The largest lead of the game was six points and the lead changed hands six times. The biggest difference between the two teams was how they went about moving the ball. Jared Goff threw the ball 49 times for 395 yards, while the Seahawks ran the ball 43 times for 167 yards. The Seahawks also were able to hold the Rams to three field goals rather than giving up touchdowns. The Seahawks, on the other hand, scored four touchdowns and a field goal.
By mid-way through the fourth quarter, LA had a five-point lead. With 9:19 remaining, the Seahawks got the ball back and orchestrated an amazing 12 play, 75-yard drive to take the lead back. The drive only had two plays for more than 10 yards, yet the Seahawks continued to take ground and take time off the clock. When it was all said and done, the score was 30-29 and there was only 2:28 left of the clock.
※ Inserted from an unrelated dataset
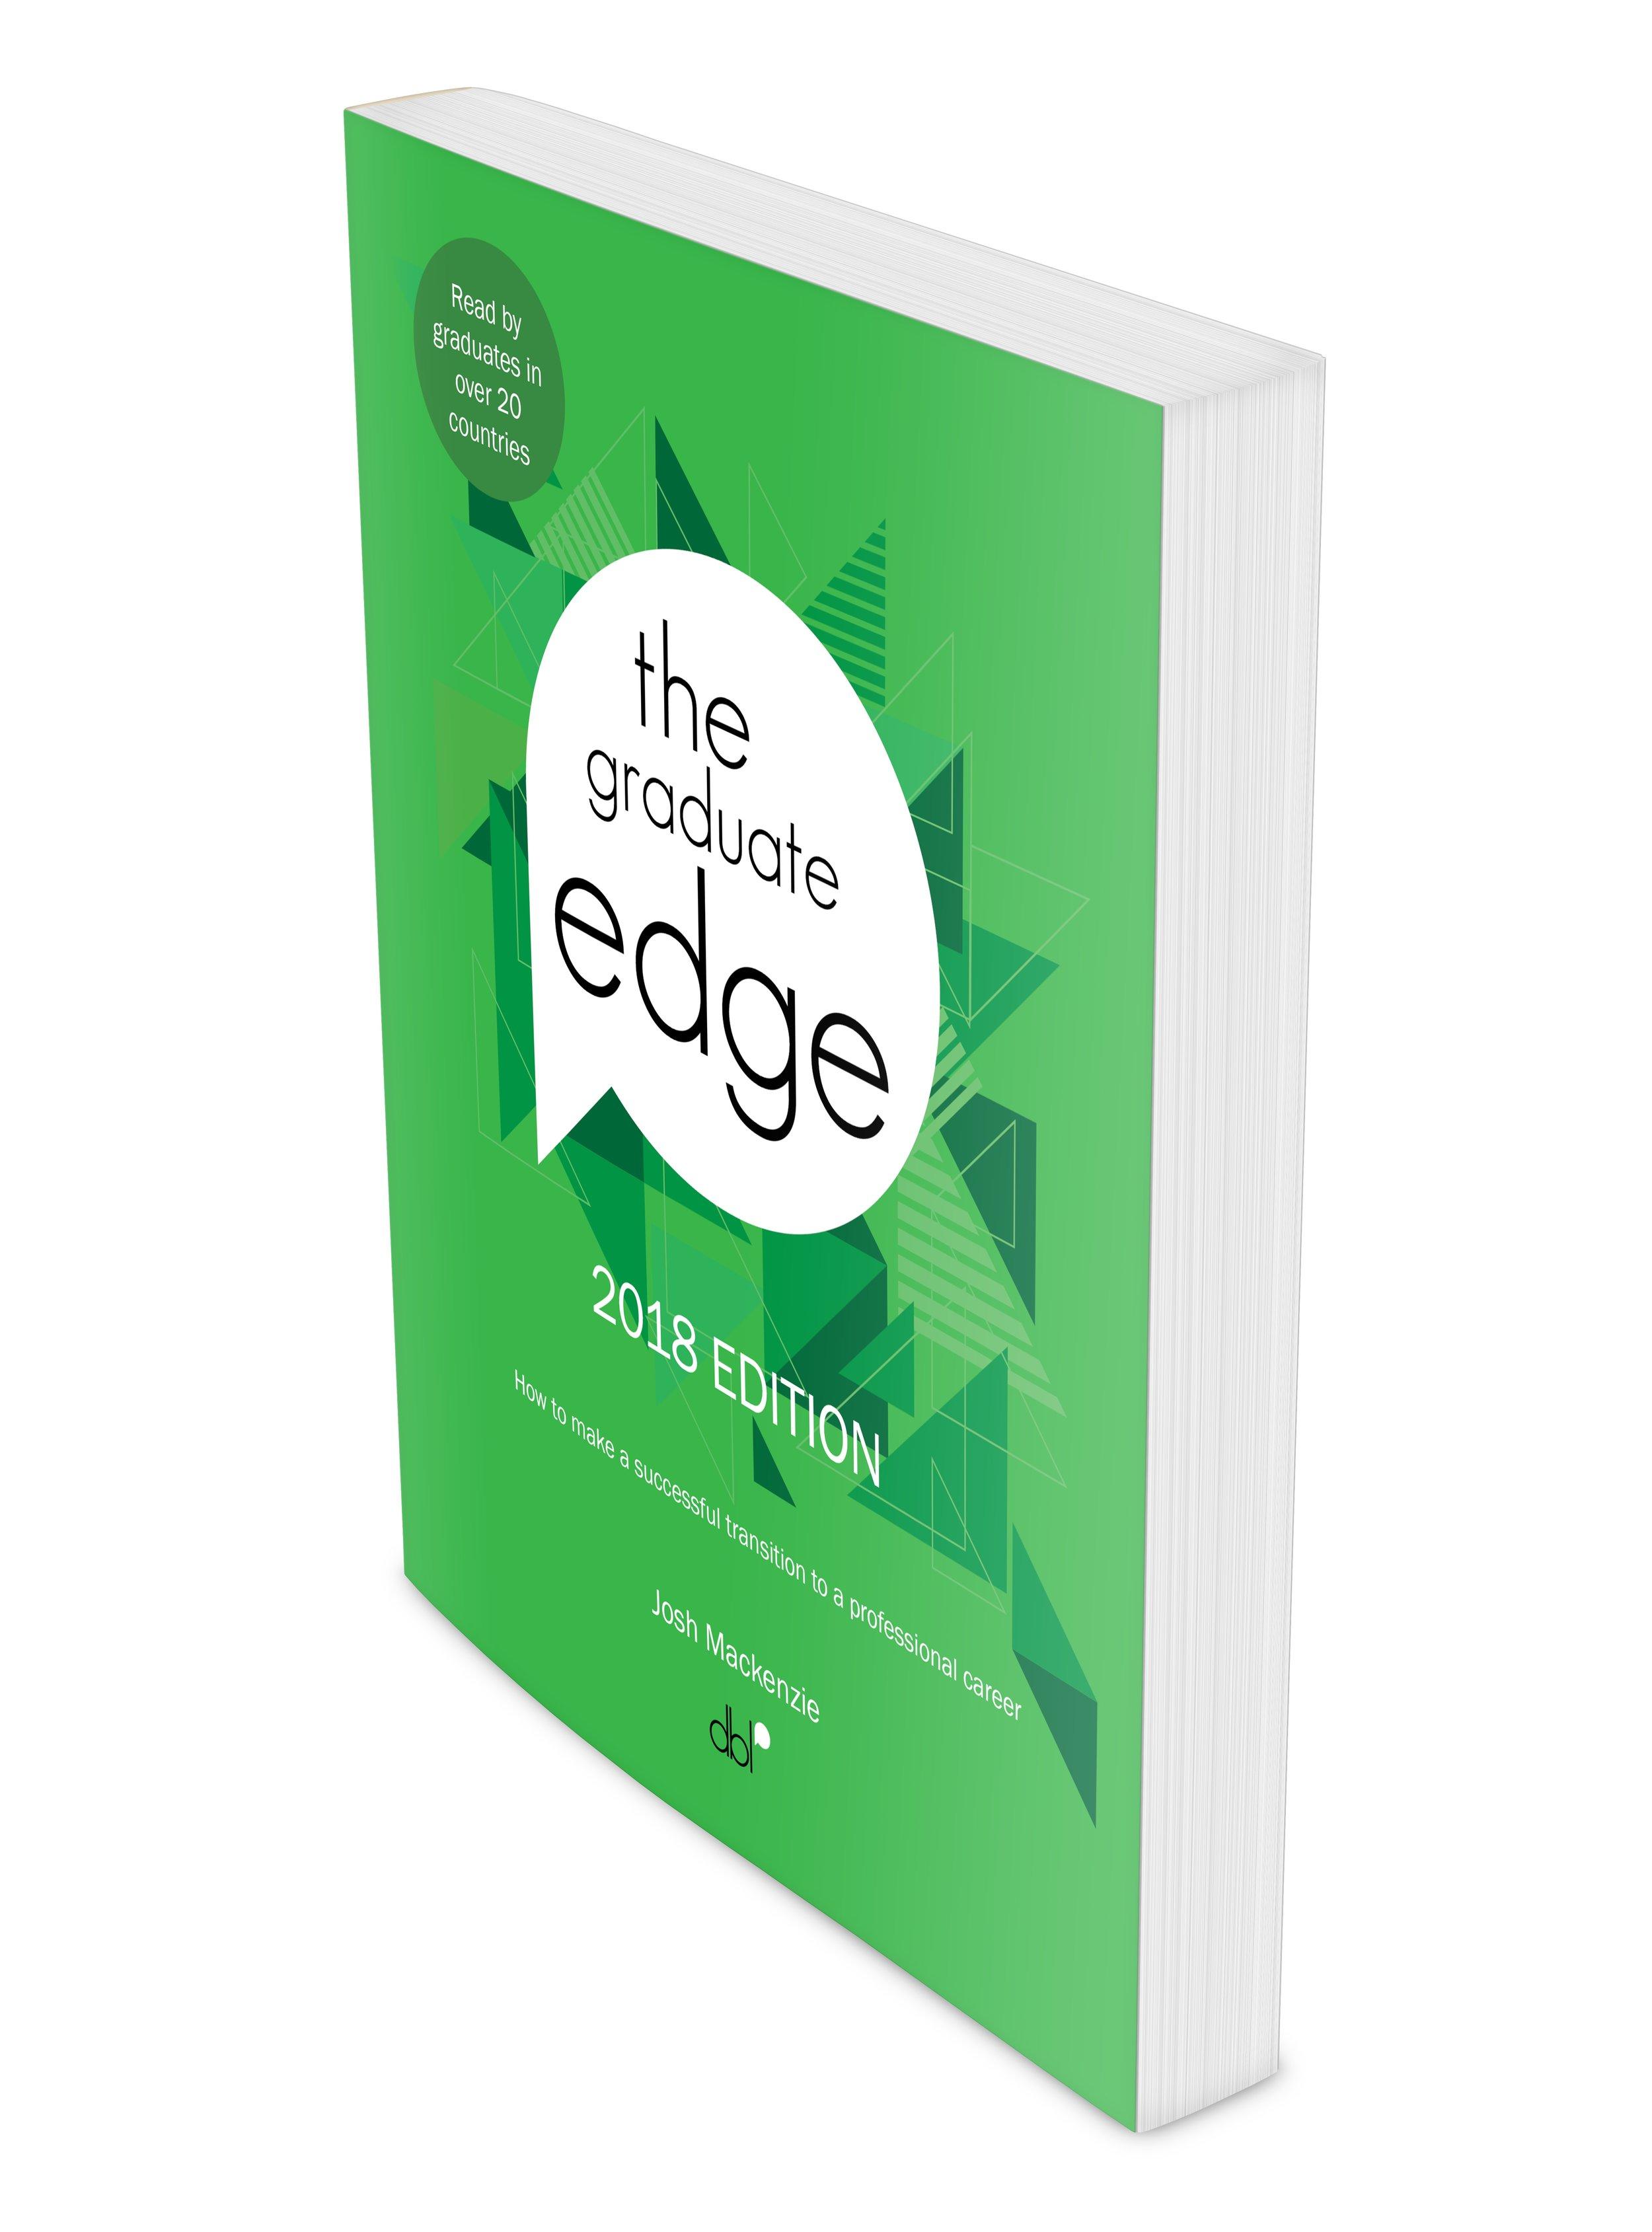 Graduate-Edge-Book-2018-Edition2_3D (1) copy.jpg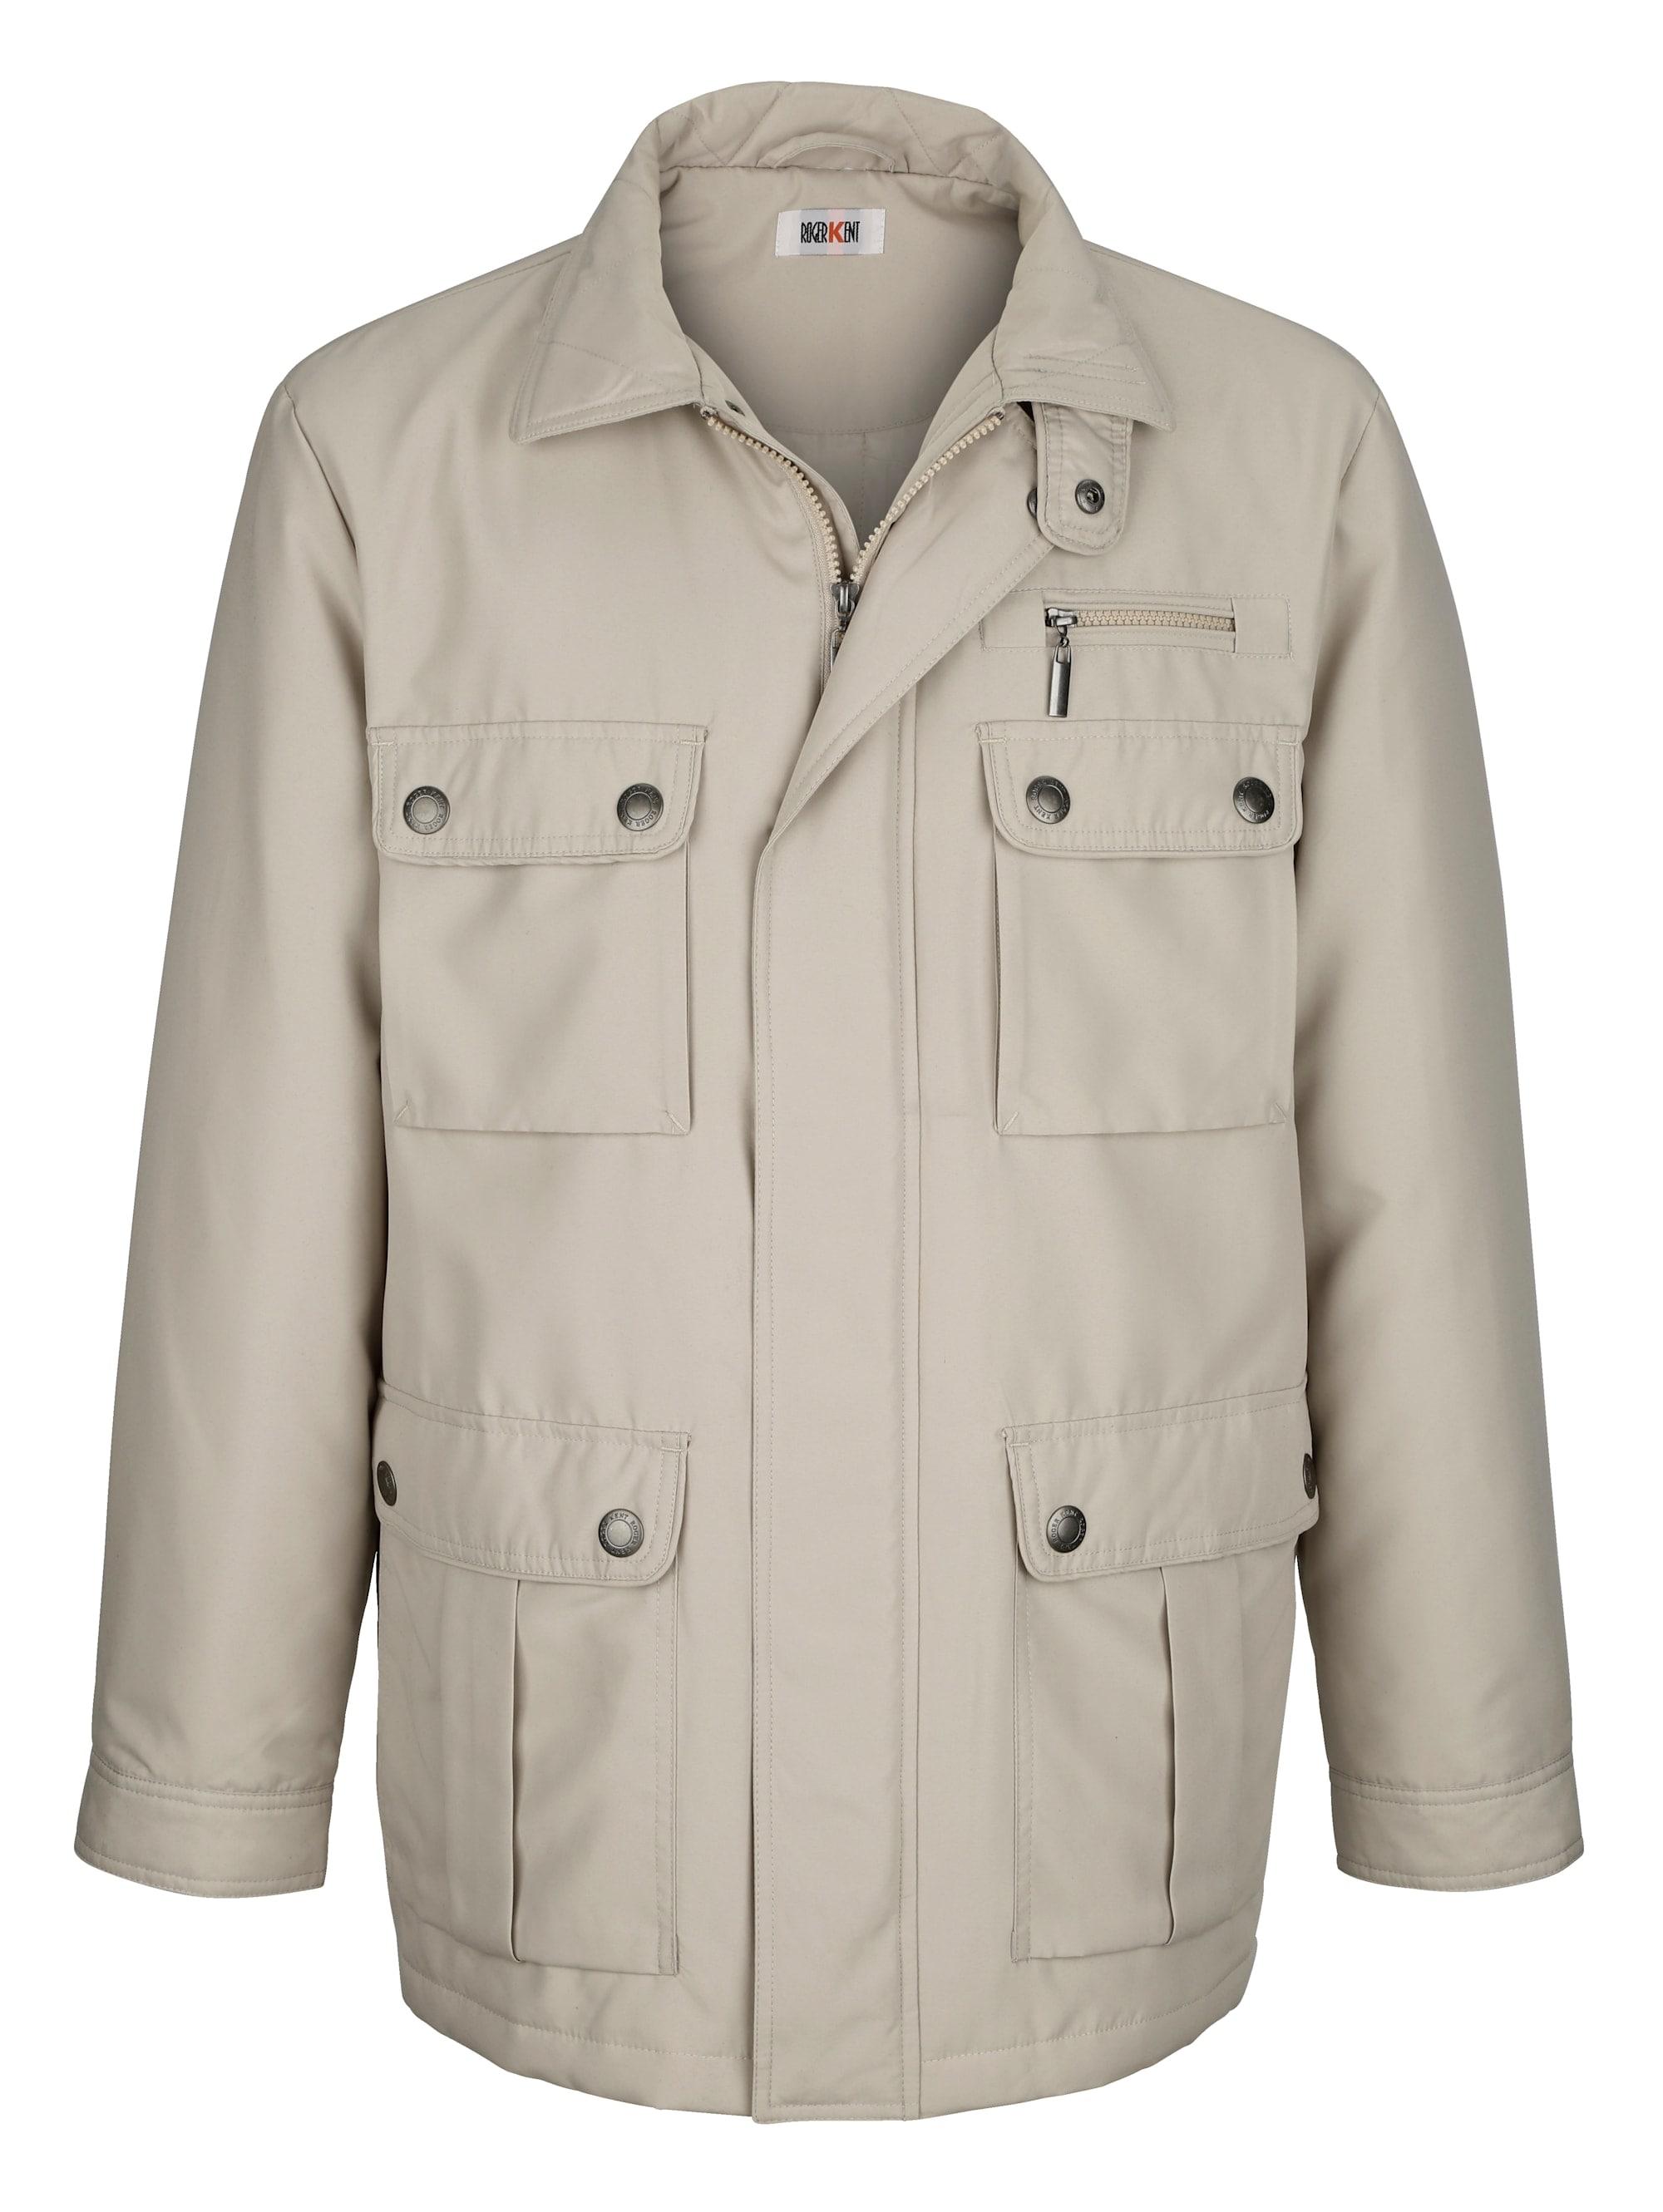 Roger Kent Longjacke mit vielen praktischen Taschen | Bekleidung > Jacken > Fieldjackets | Roger Kent

After two four and outs, the Rams had the ball back with just 1:38 left on the clock. In order to preserve some time to work with the Rams had burned their last timeouts in the previous possession.
It was Goff’s chance to do a Kurt Warner impression. And he almost did. He completed eight passes to set up Greg Zuerlein for the game-winning 44-yard field goal. Zuerlein missed to the right by less than a foot. The Rams lost by one point.
The two would meet for their second game later that season and the Rams would win that battle. But Seattle won the war. They made it back to the playoffs. It was Seattle’s year to play spoiler. The Rams went on to go 9-7, missing the playoffs by one game.